▶ What to do
Write every line below out again exactly, images omitted.

▶ Collected data
○ ○ ○ ○ ○

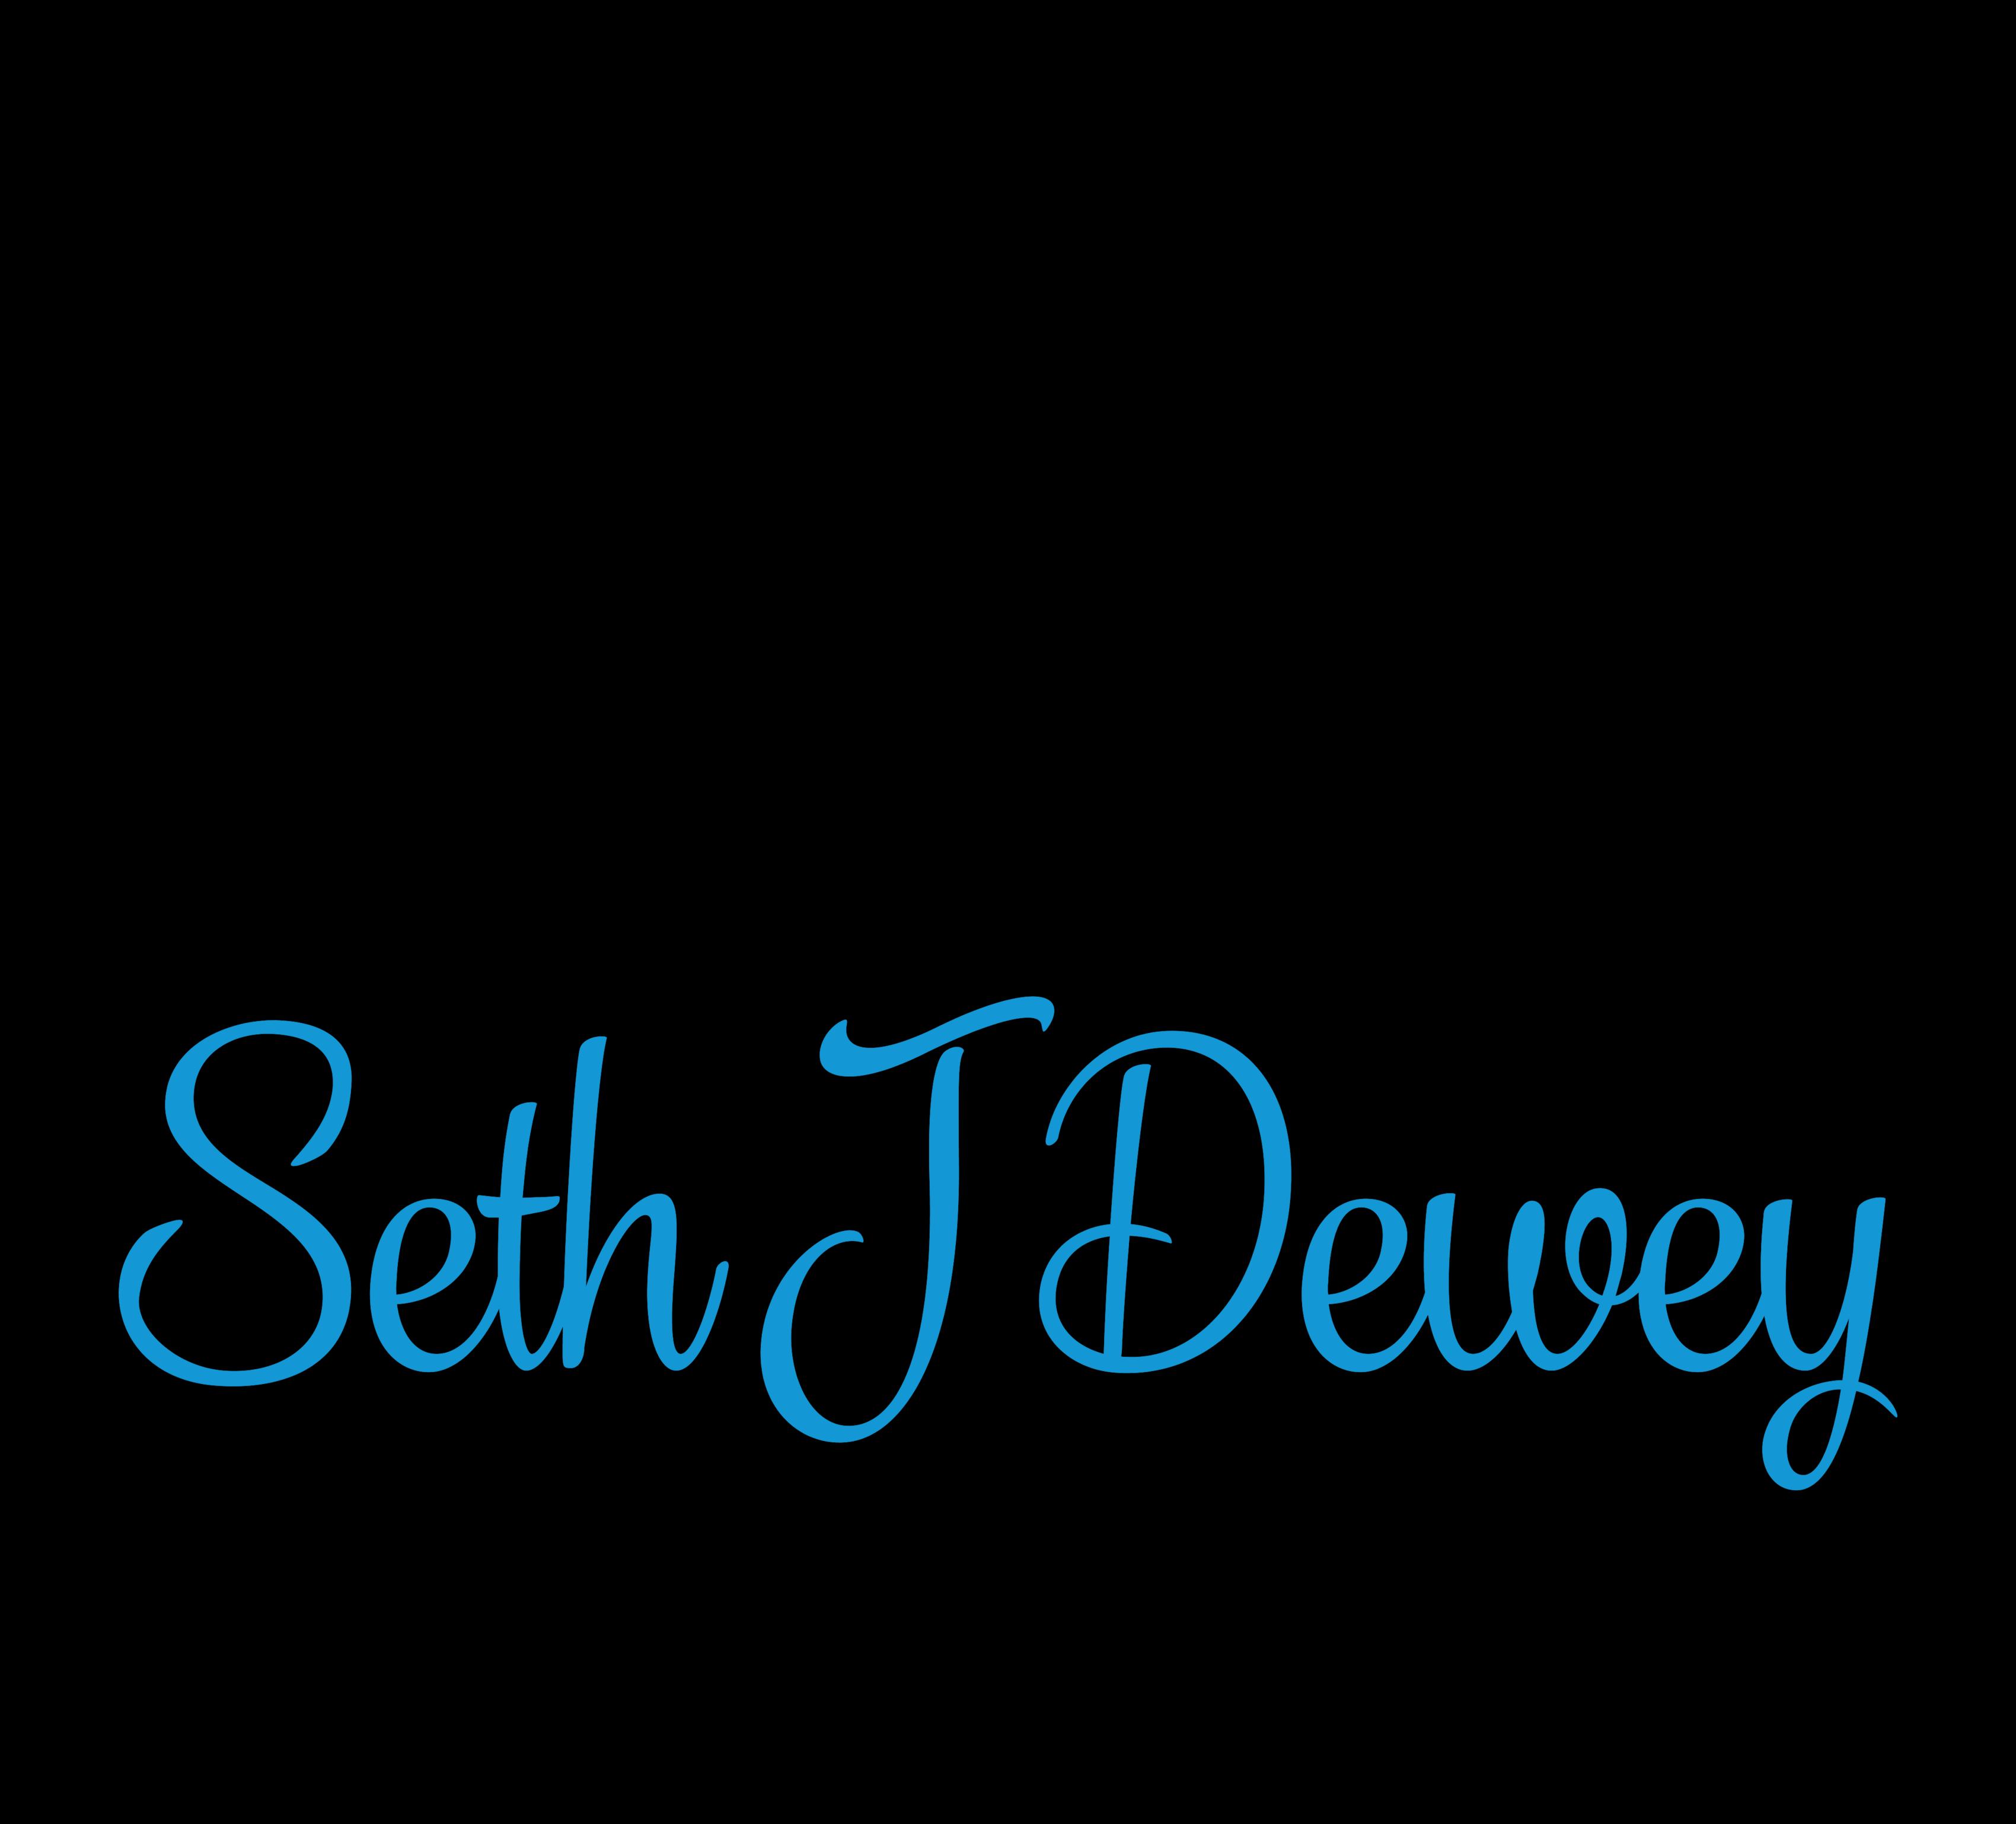 Seth J Dewey
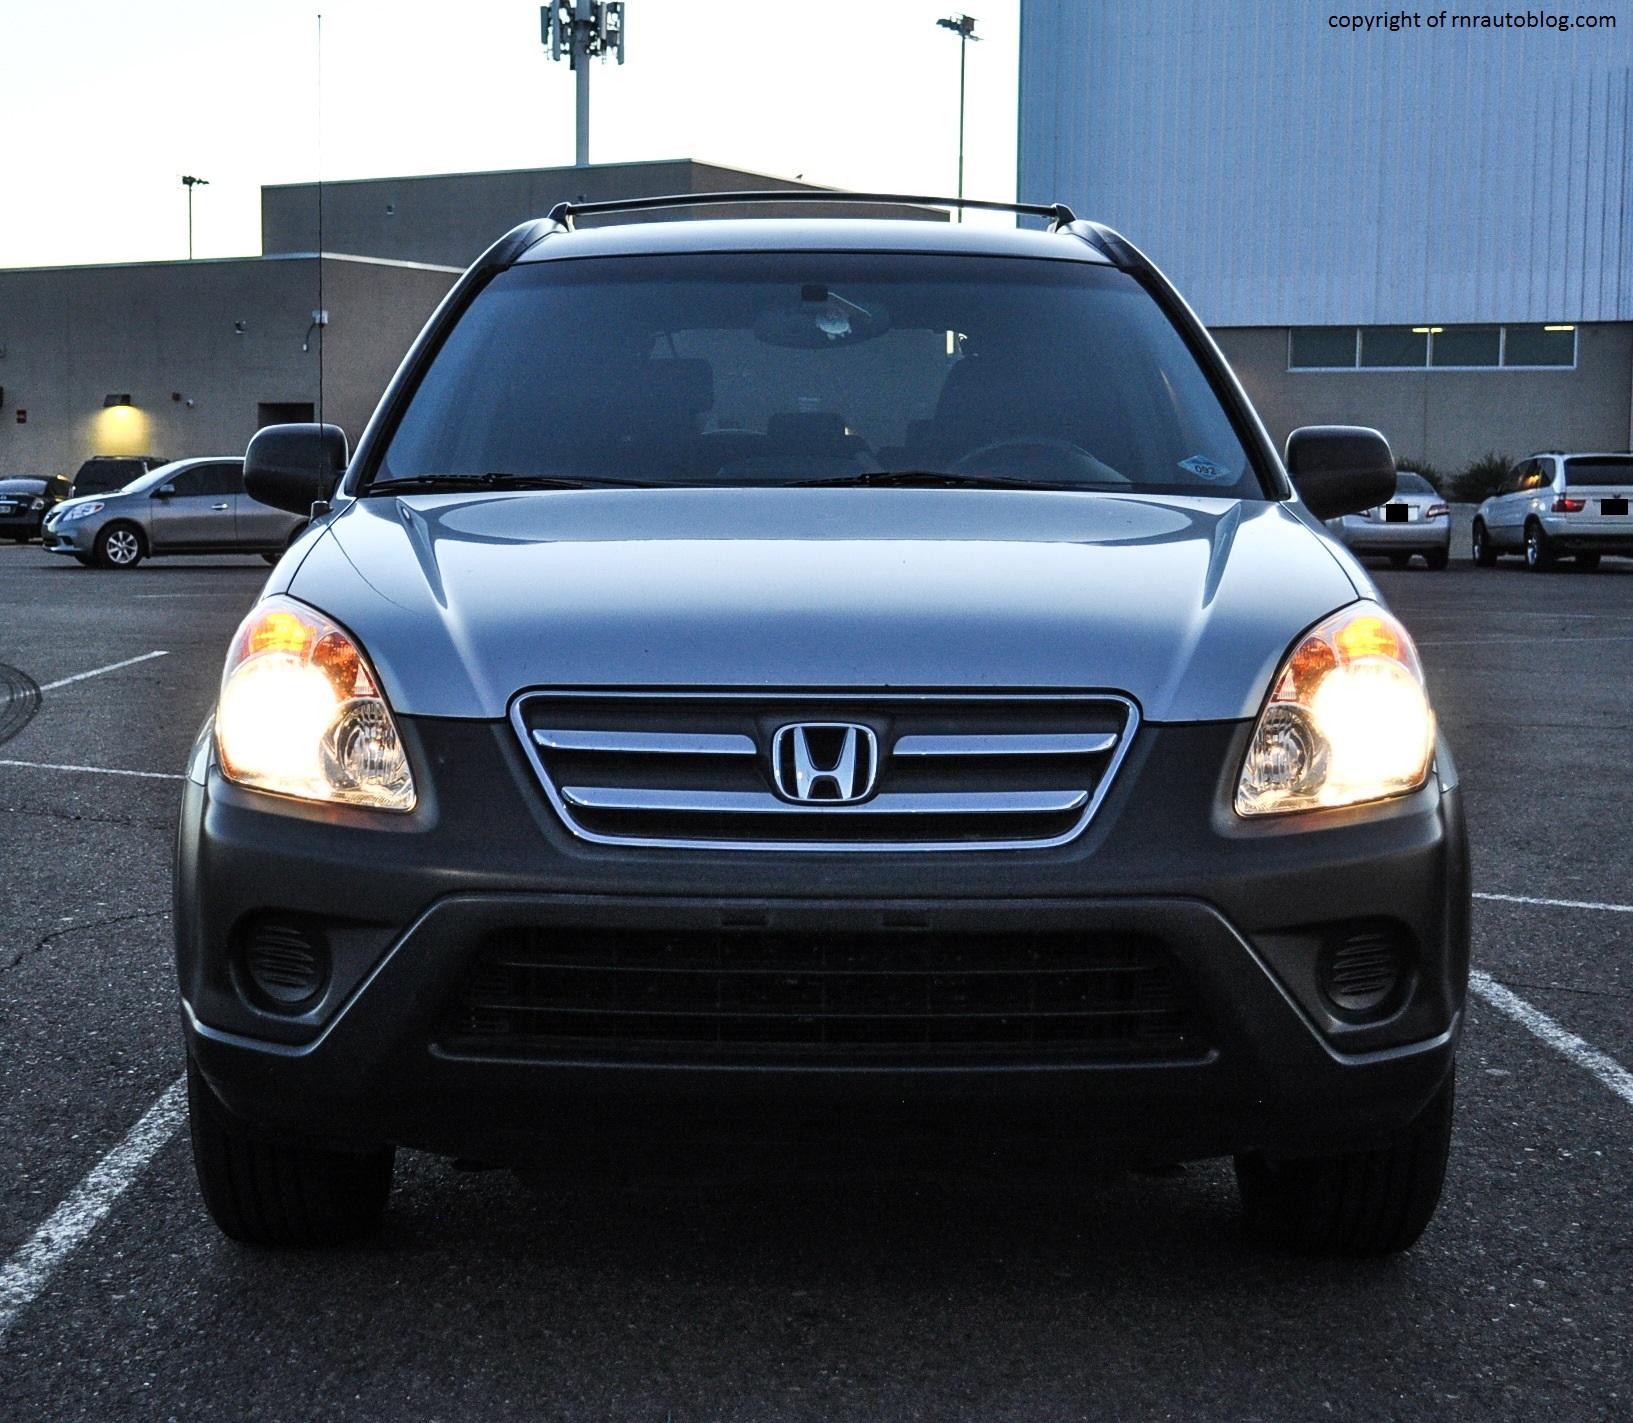 honda cr  lx review rnr automotive blog
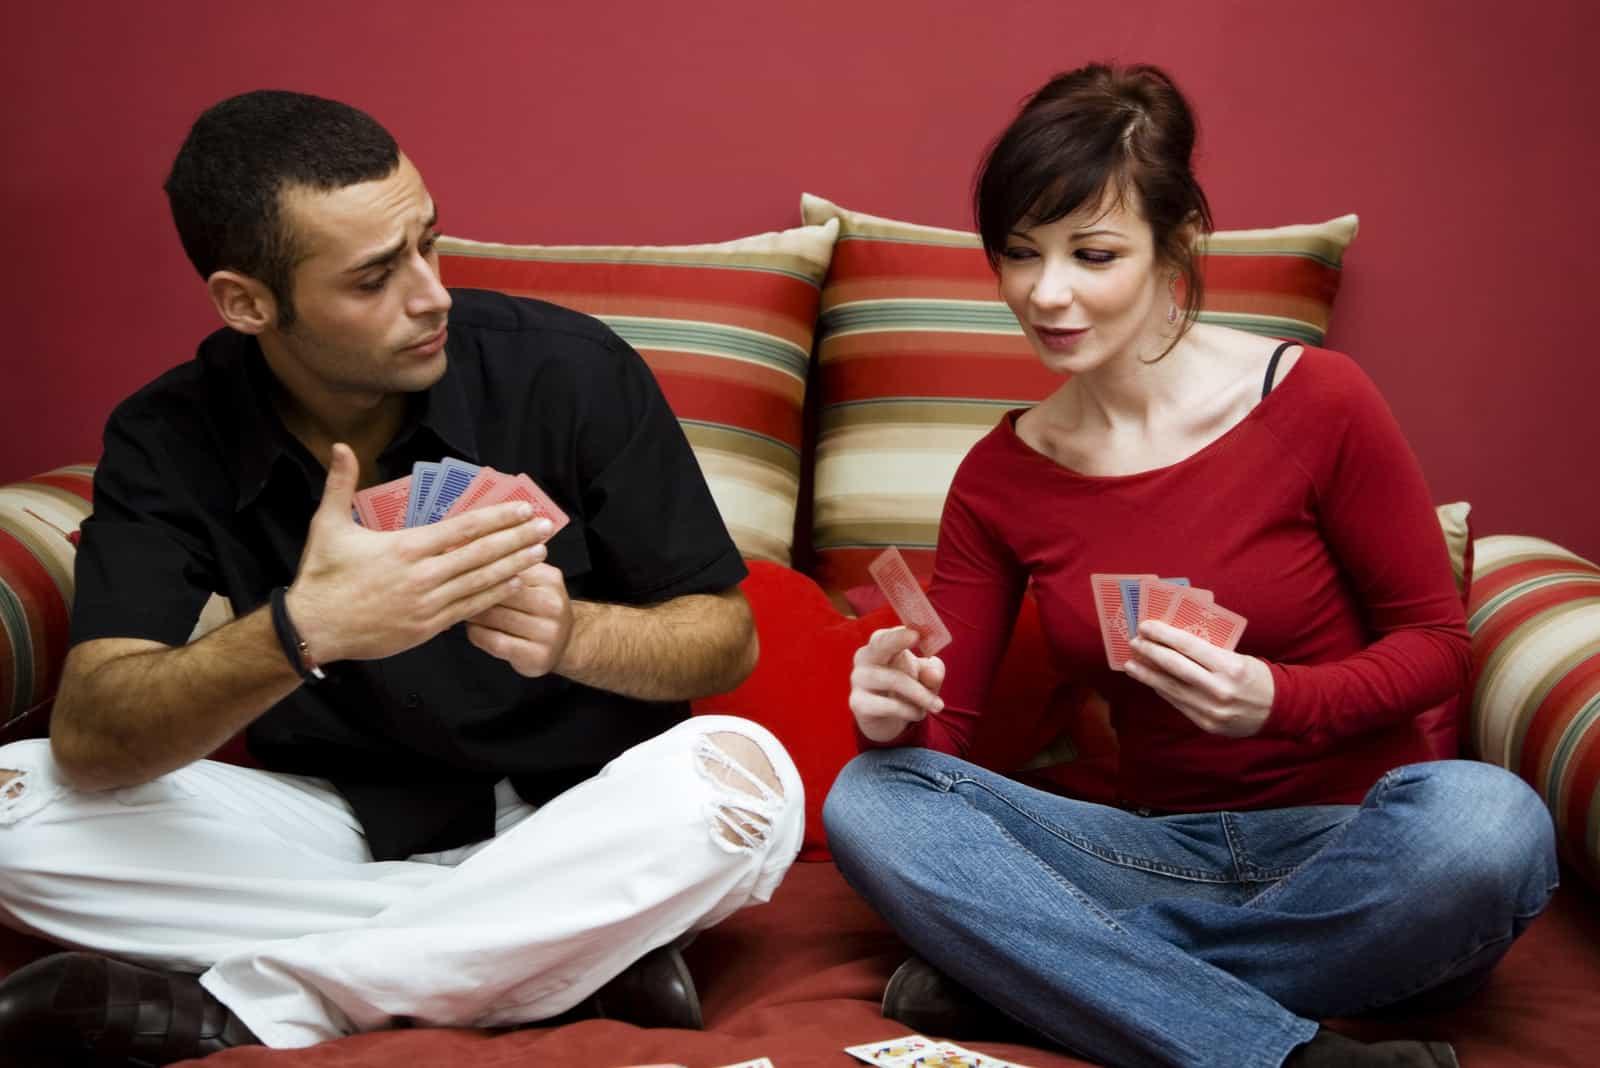 la femme regarde les cartes à l'homme
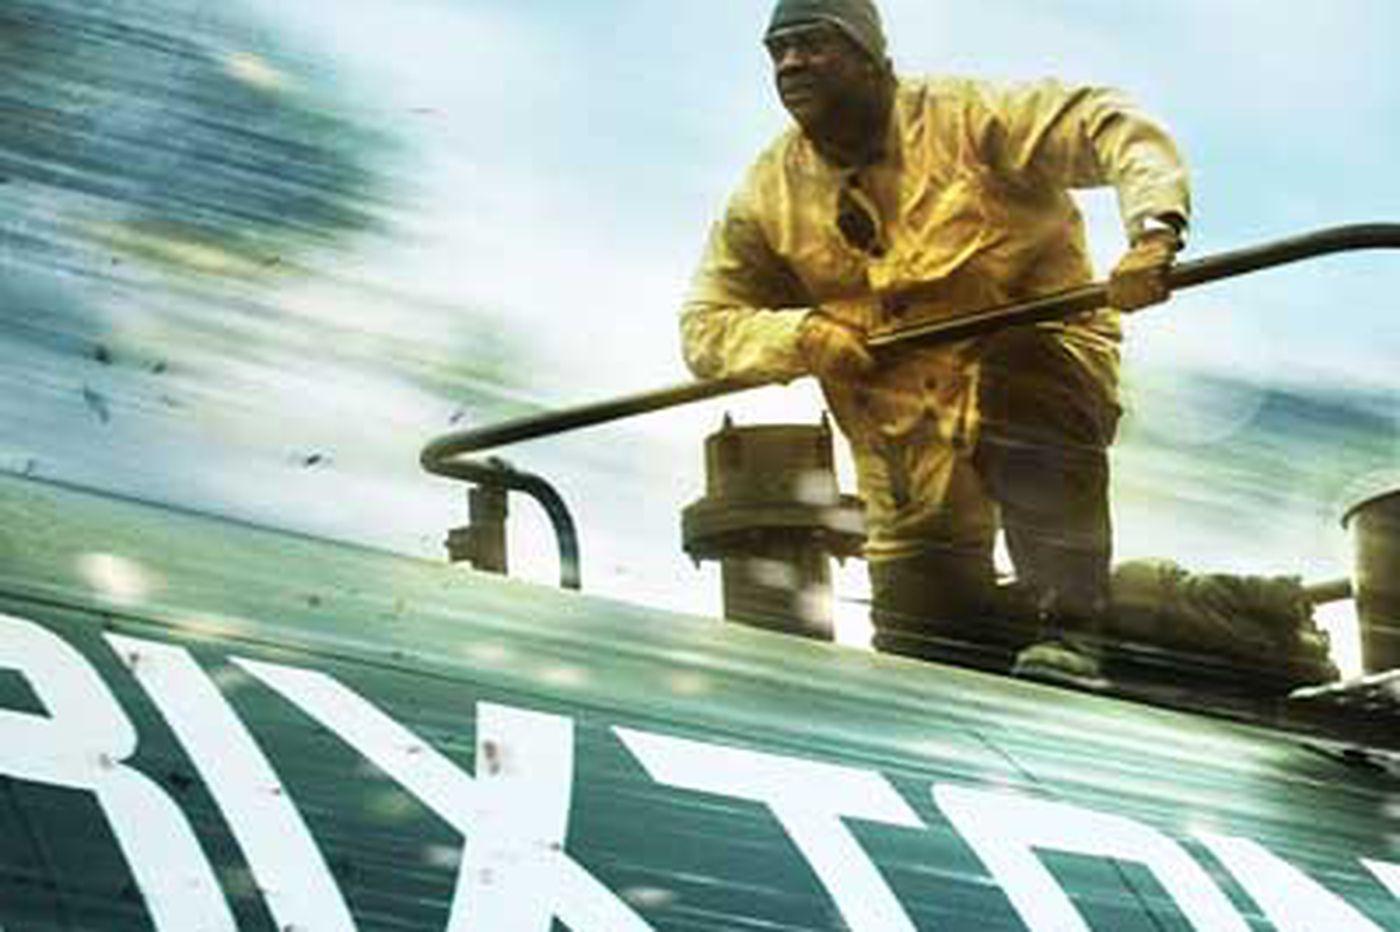 'Unstoppable': Runaway train, screeching heroics

○ ○ ○ ○ ○

▶ Response below
 Seth J Dewey
 honda cr  lx review rnr automotive blog
 la femme regarde les cartes à l'homme
 'Unstoppable': Runaway train, screeching heroics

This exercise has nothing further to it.